The burden is on plaintiff to demonstrate that his refusal to submit to an EUO was not part of a deliberate effort to withhold material information or a pattern of noncooperation with the insurer. Id. at 51, 592 N.W.2d 82. We find plaintiff has met his burden in this case. The only way plaintiff refused to cooperate in this case was by failing to submit to the EUO. Accordingly, plaintiff's claim should have been dismissed without prejudice in accordance with the general rule. Yeo, supra at 259, 555 N.W.2d 893.

Finally, plaintiff argues that in order for defendant to deny benefits on the *696 basis of plaintiff's noncooperation, it must show actual prejudice. Plaintiff cites Allen v. Cheatum, 351 Mich. 585, 88 N.W.2d 306 (1958), in support of his argument. Plaintiff's reliance on Allen is misplaced. There the insurer was seeking to defeat the claim of a third party, not its insured, in a garnishment action on the basis of noncooperation by its insured.[2]

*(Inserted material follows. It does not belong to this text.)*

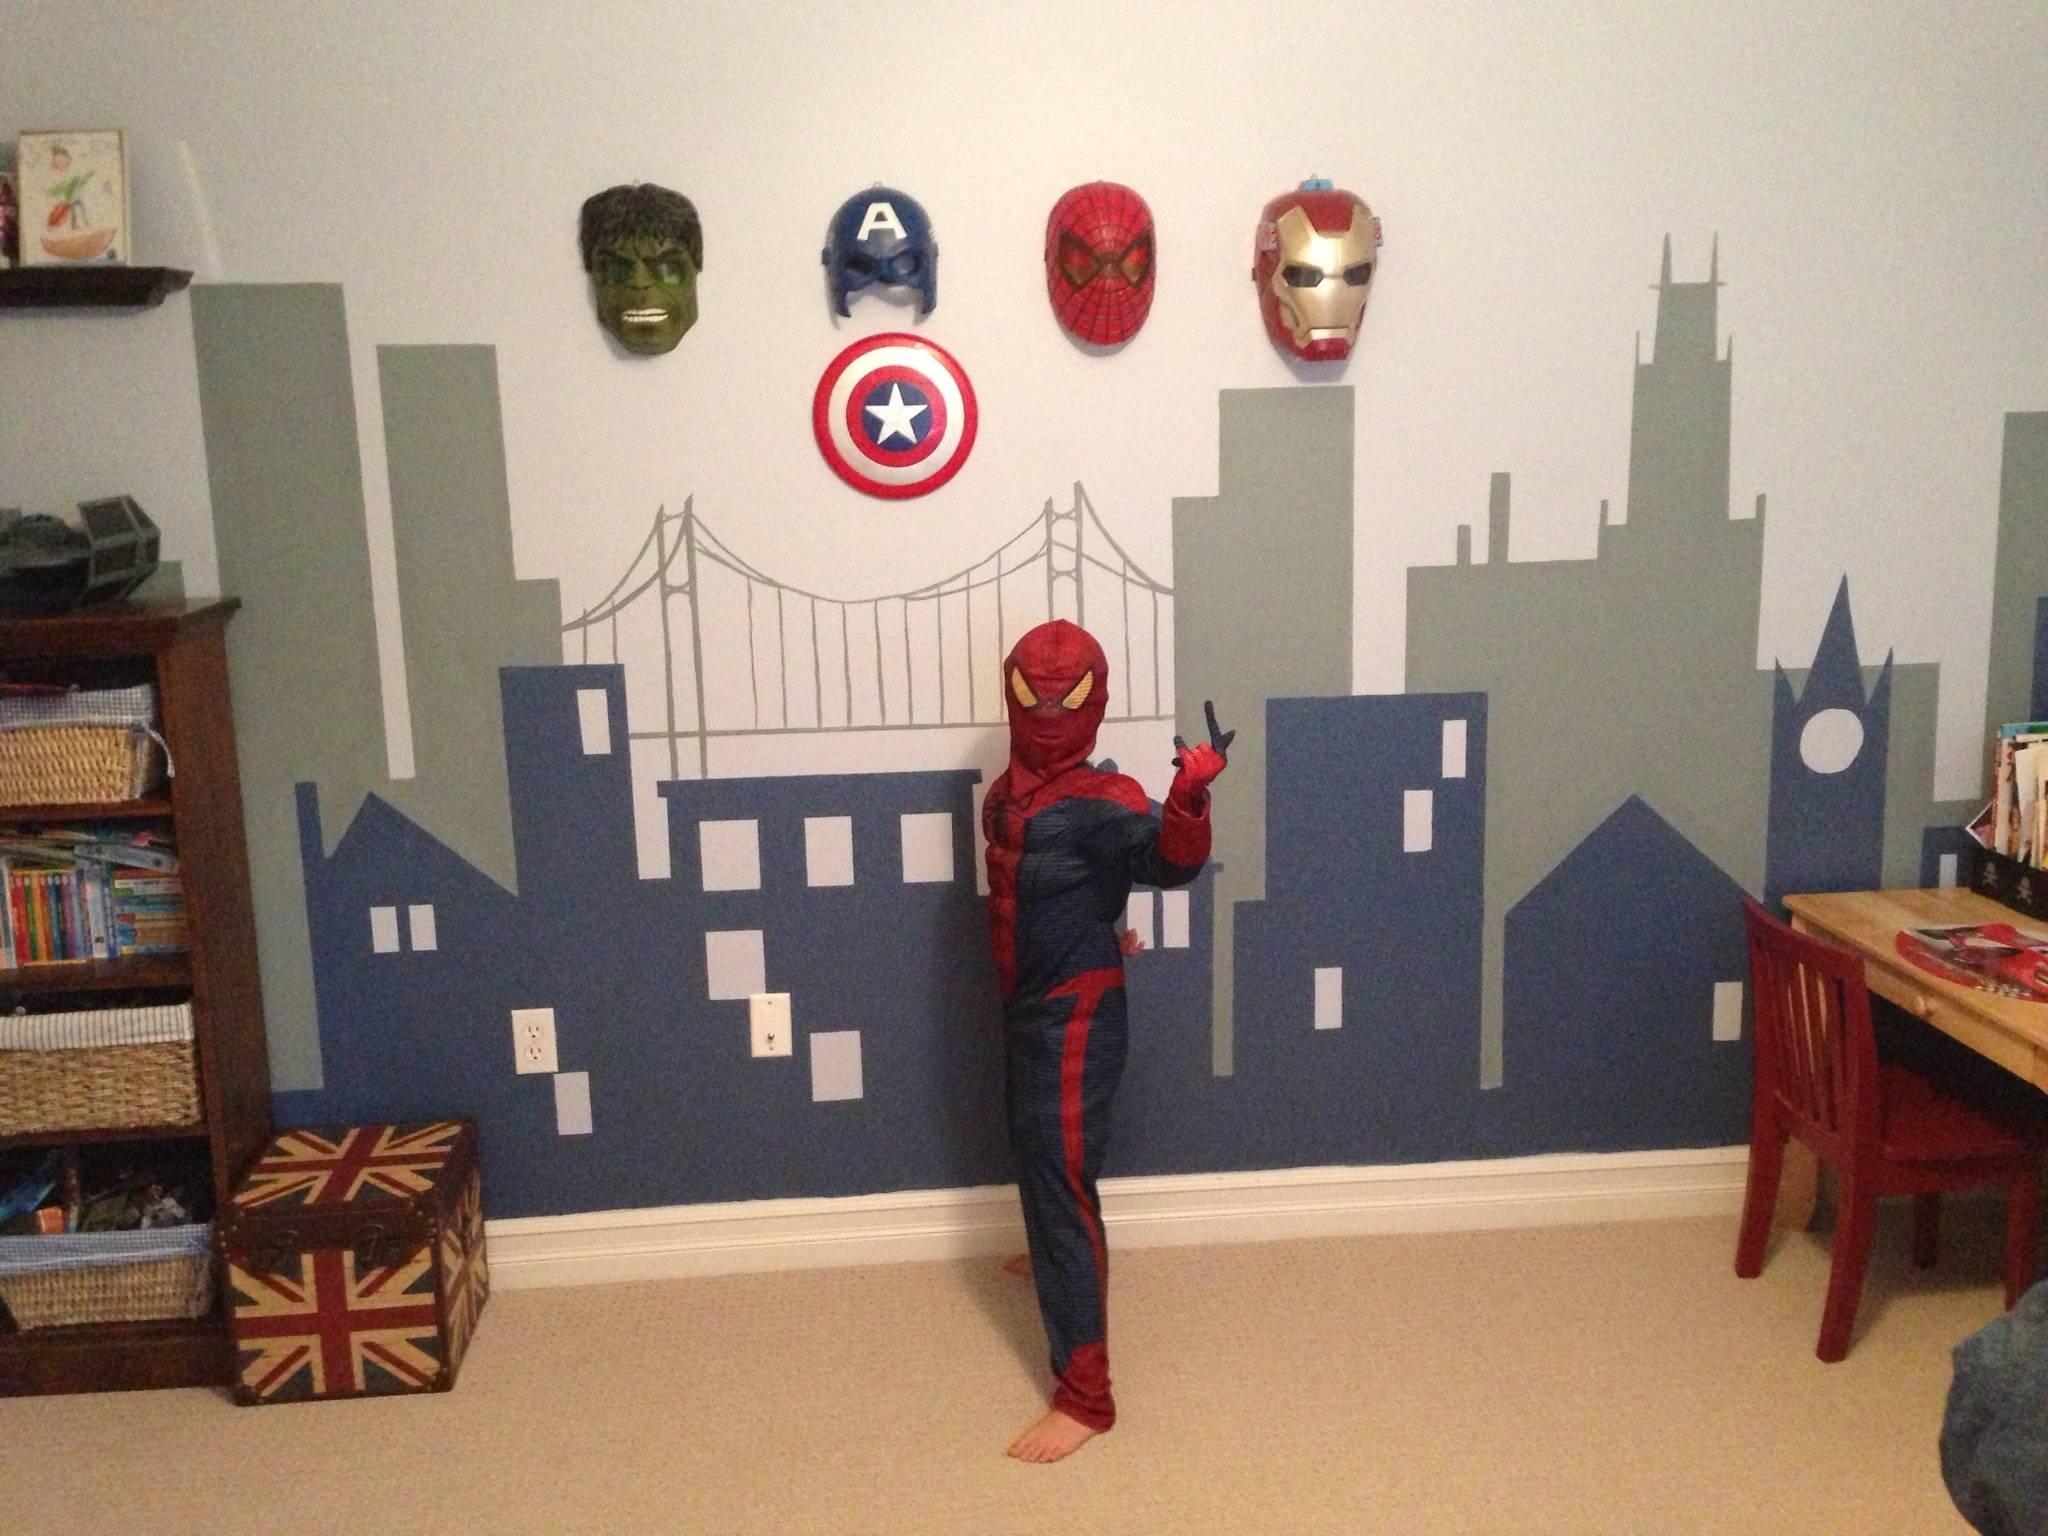 ? Kids Room : Wonderful Kids Room Wall Decor Ideas Inspiration With Regard To 2018 Superhero Wall Art For Kids (View 14 of 25)

Affirmed in part and reversed in part.

NOTES

[1] The policy provides:

Each party shall select a competent and impartial arbitrator. These two shall select a third one. If unable to agree on the third one within 30 days either party may request a judge of a court of record in the county in which the arbitration is pending to select a third one. The written decision of any two arbitrators shall be binding on each party.

[2] We also note that in Coburn v. Fox, 425 Mich. 300, 309-310, 389 N.W.2d 424 (1986), the Michigan Supreme Court recognized that this rule was abrogated by the passage of the no-fault act.